» **Task statement**
Go to the line with "GraphicRiver Poster Canvas" in the records below, then output it and each following line exactly, up to and including the line with "Какой запах отпугивает". Skip pictures and add nothing.

» **Material provided**
Content starts
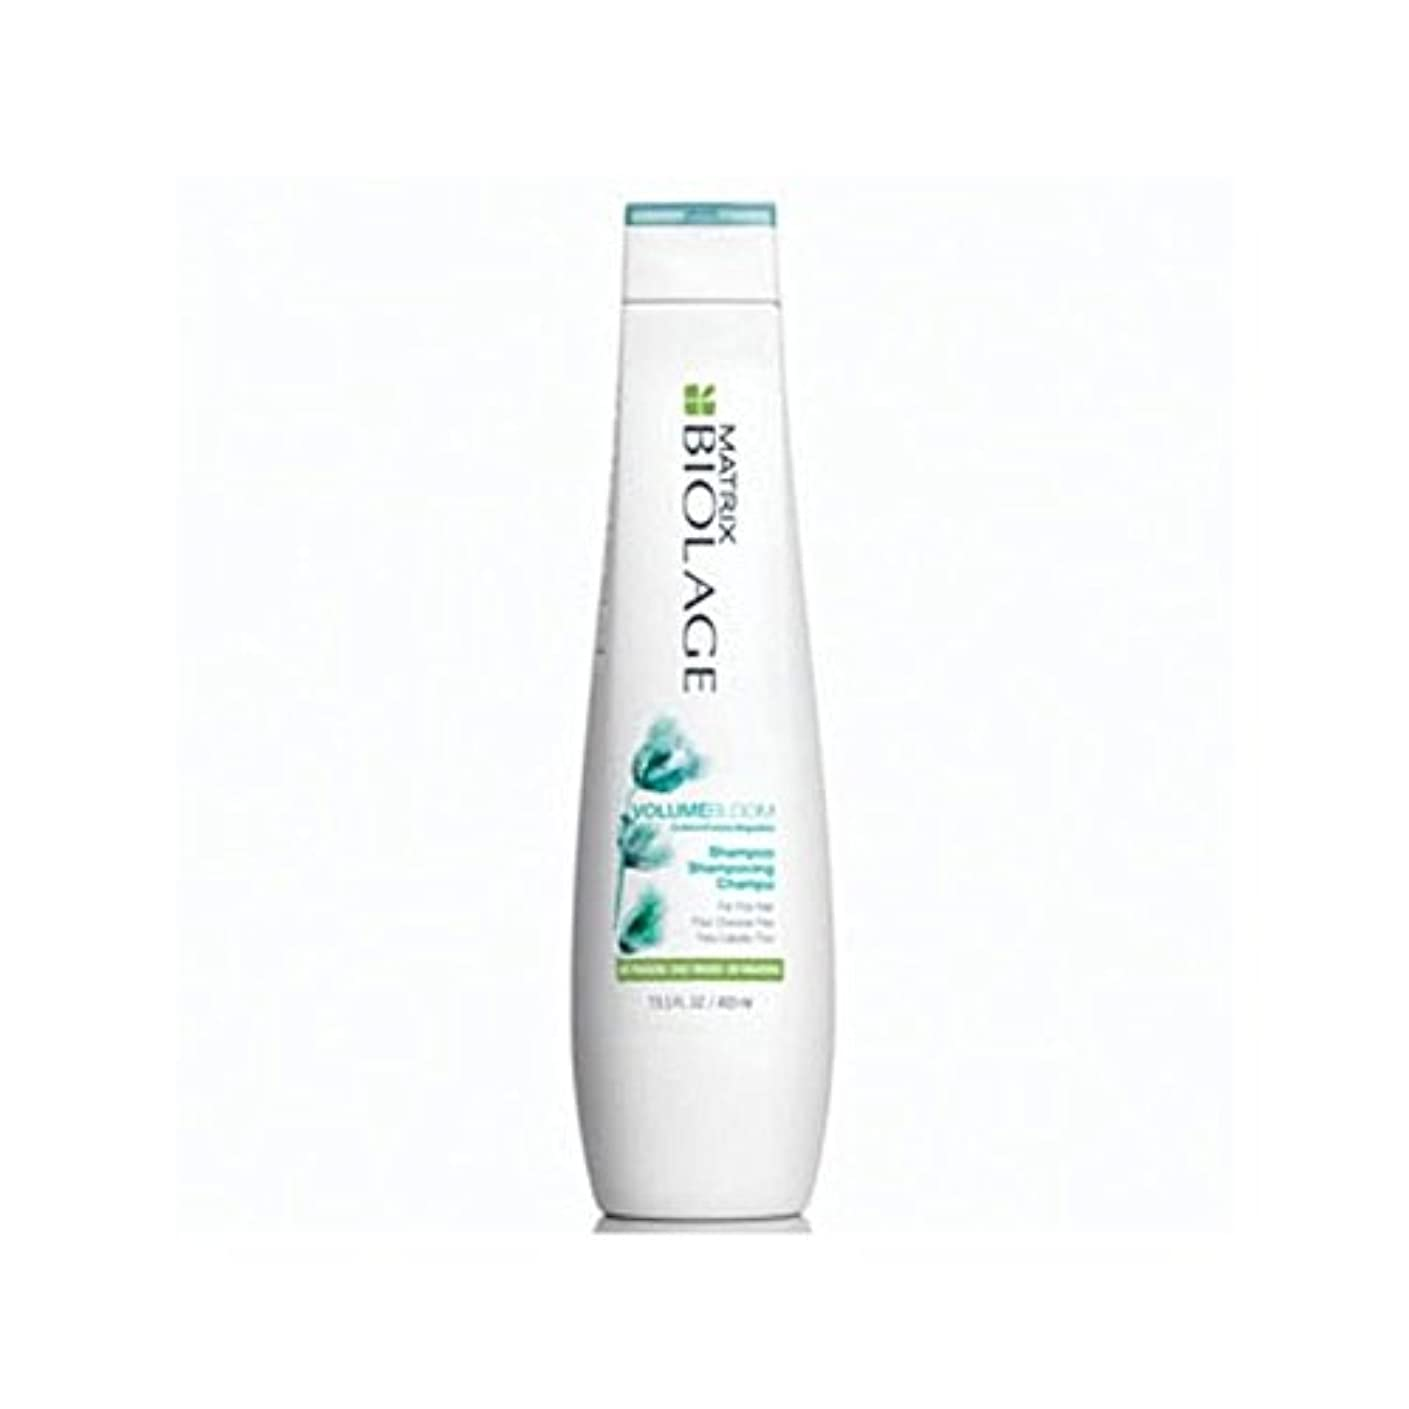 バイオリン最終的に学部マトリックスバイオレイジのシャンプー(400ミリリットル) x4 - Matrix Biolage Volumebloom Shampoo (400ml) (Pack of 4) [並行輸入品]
Content ends
Content starts
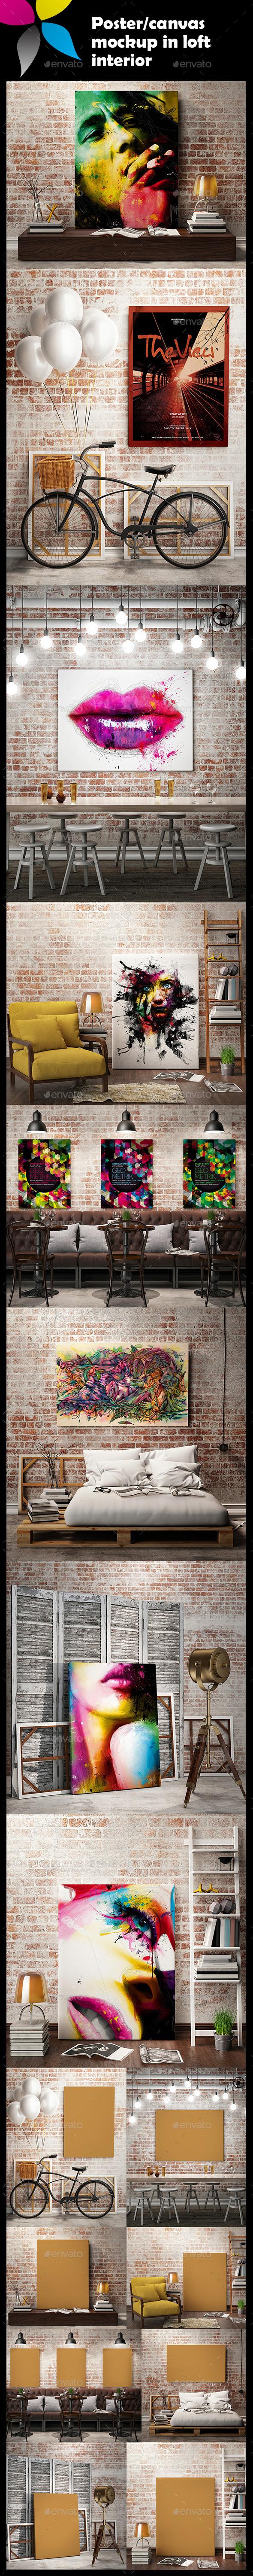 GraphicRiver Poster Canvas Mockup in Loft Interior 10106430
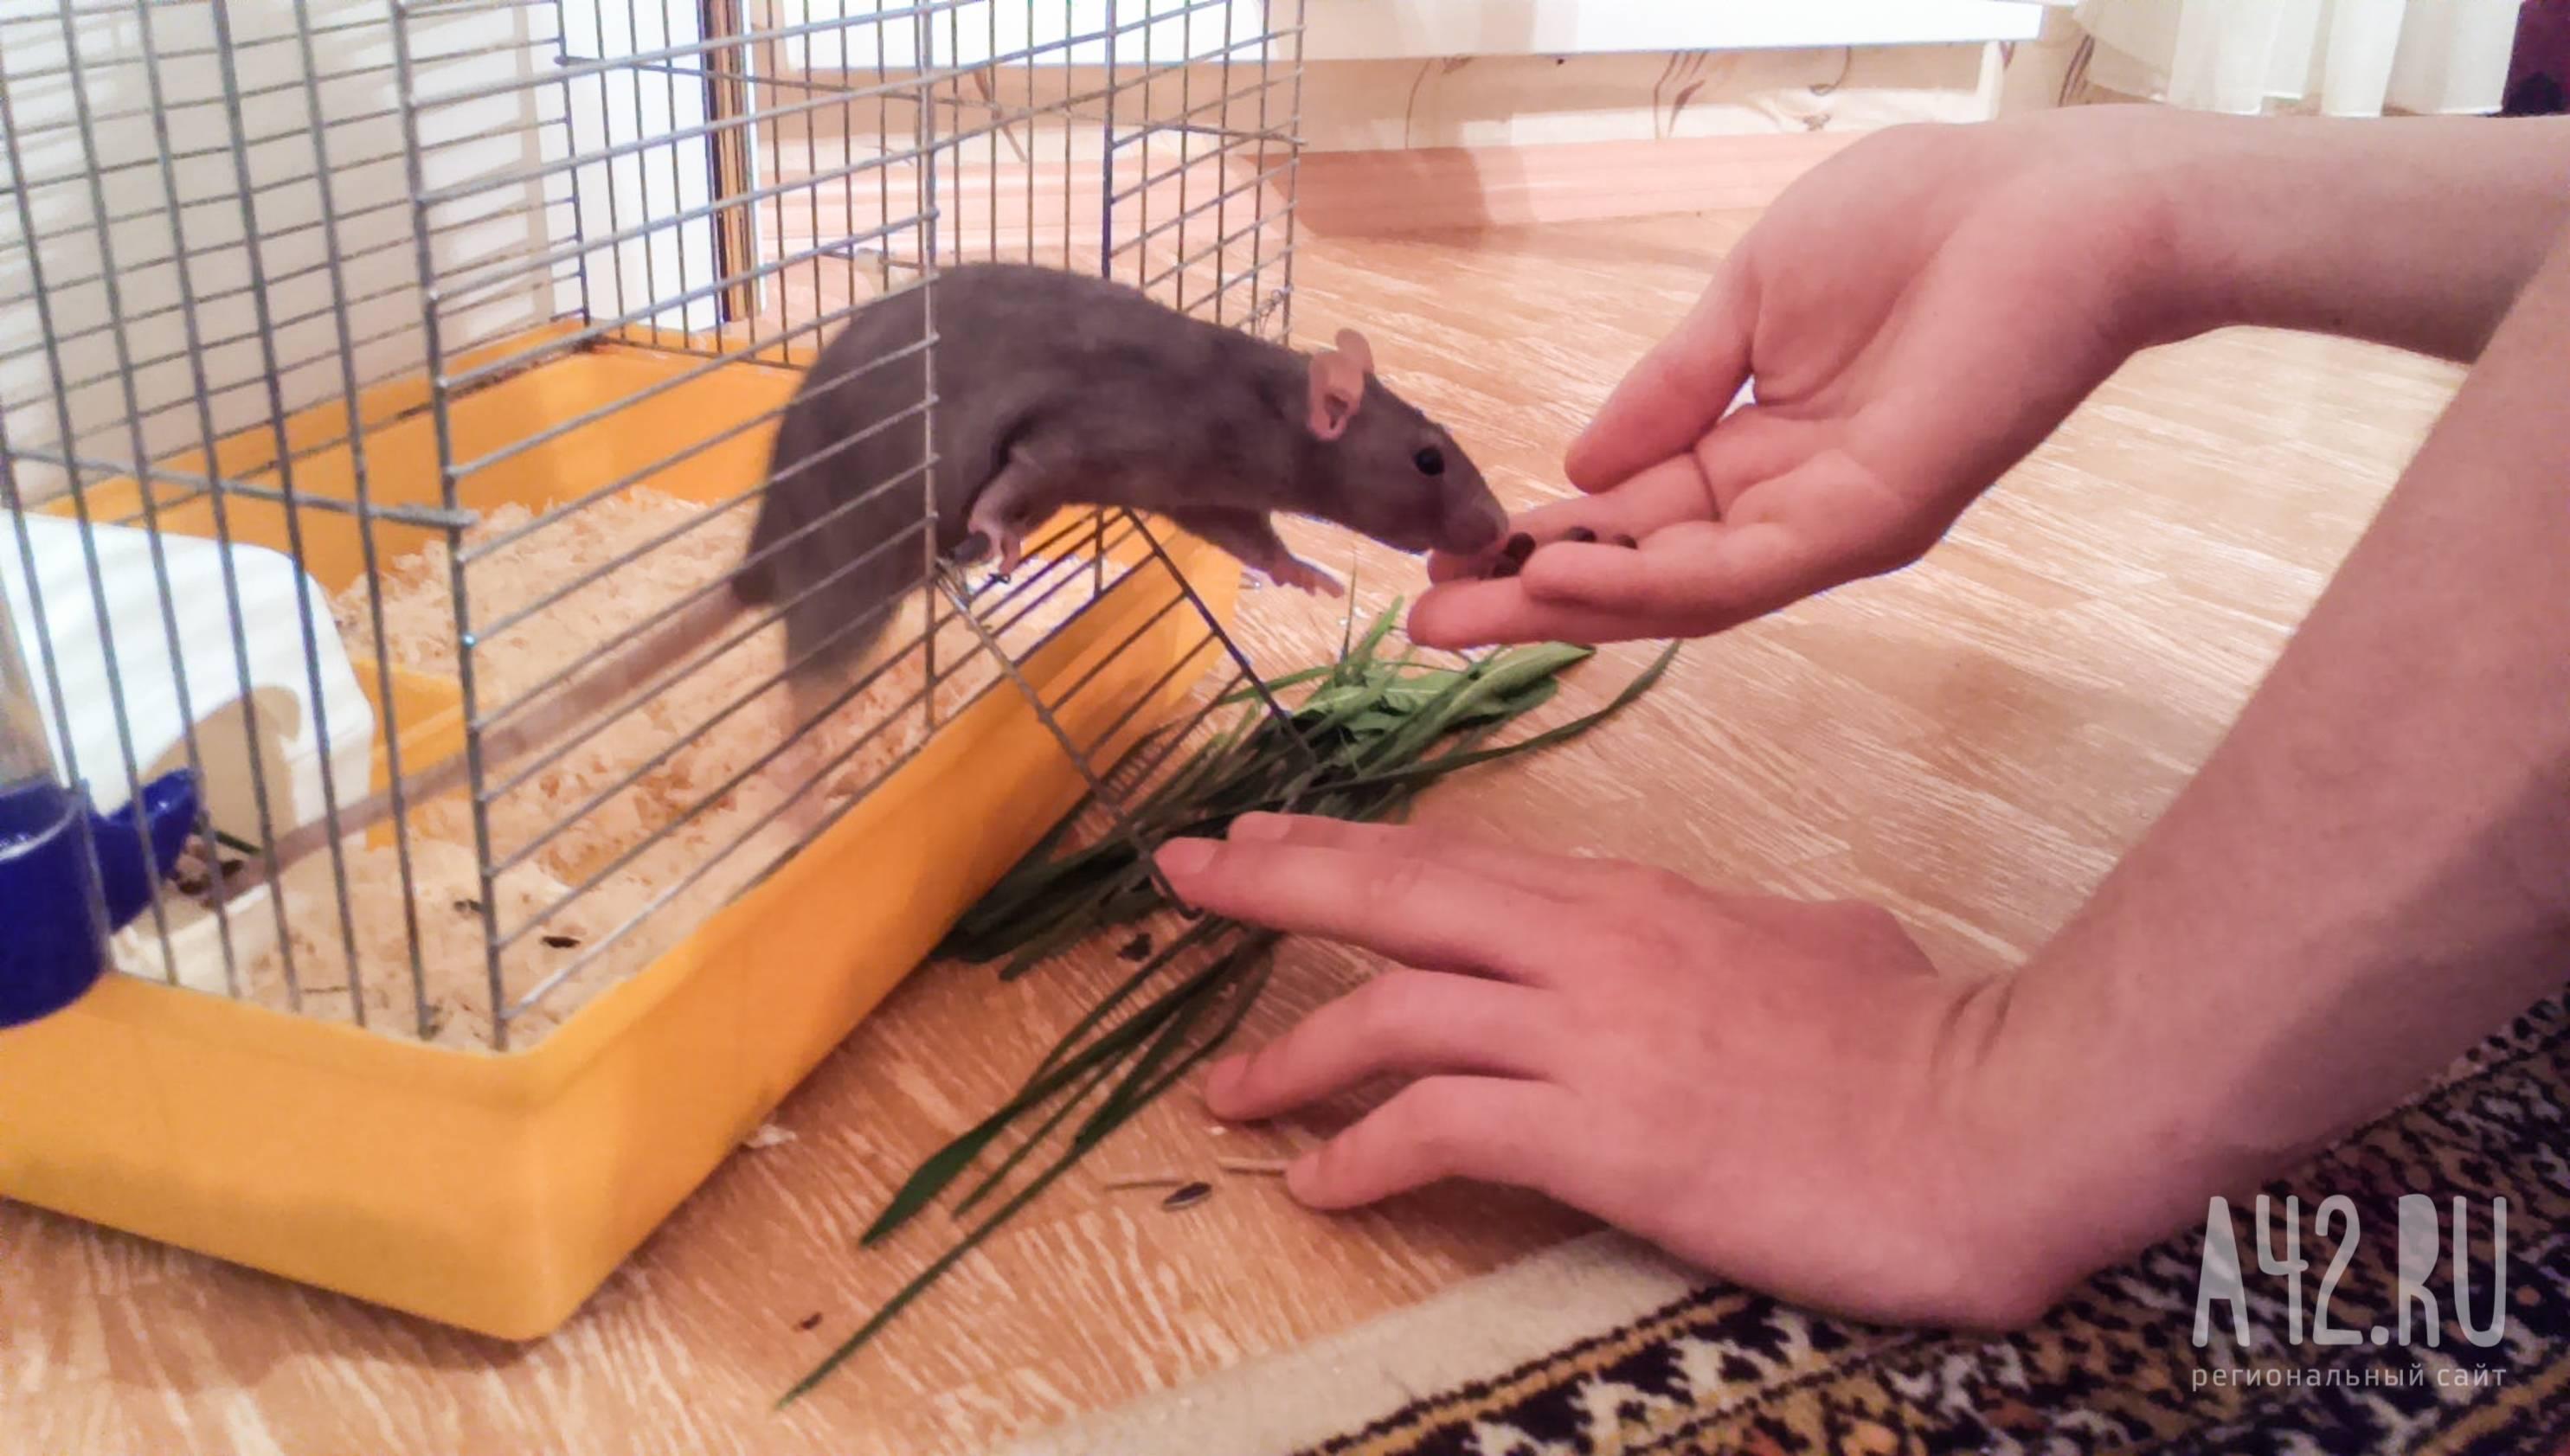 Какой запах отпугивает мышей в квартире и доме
Content ends
» **Task solution**
 GraphicRiver Poster Canvas Mockup in Loft Interior 10106430
 Какой запах отпугивает мышей в квартире и доме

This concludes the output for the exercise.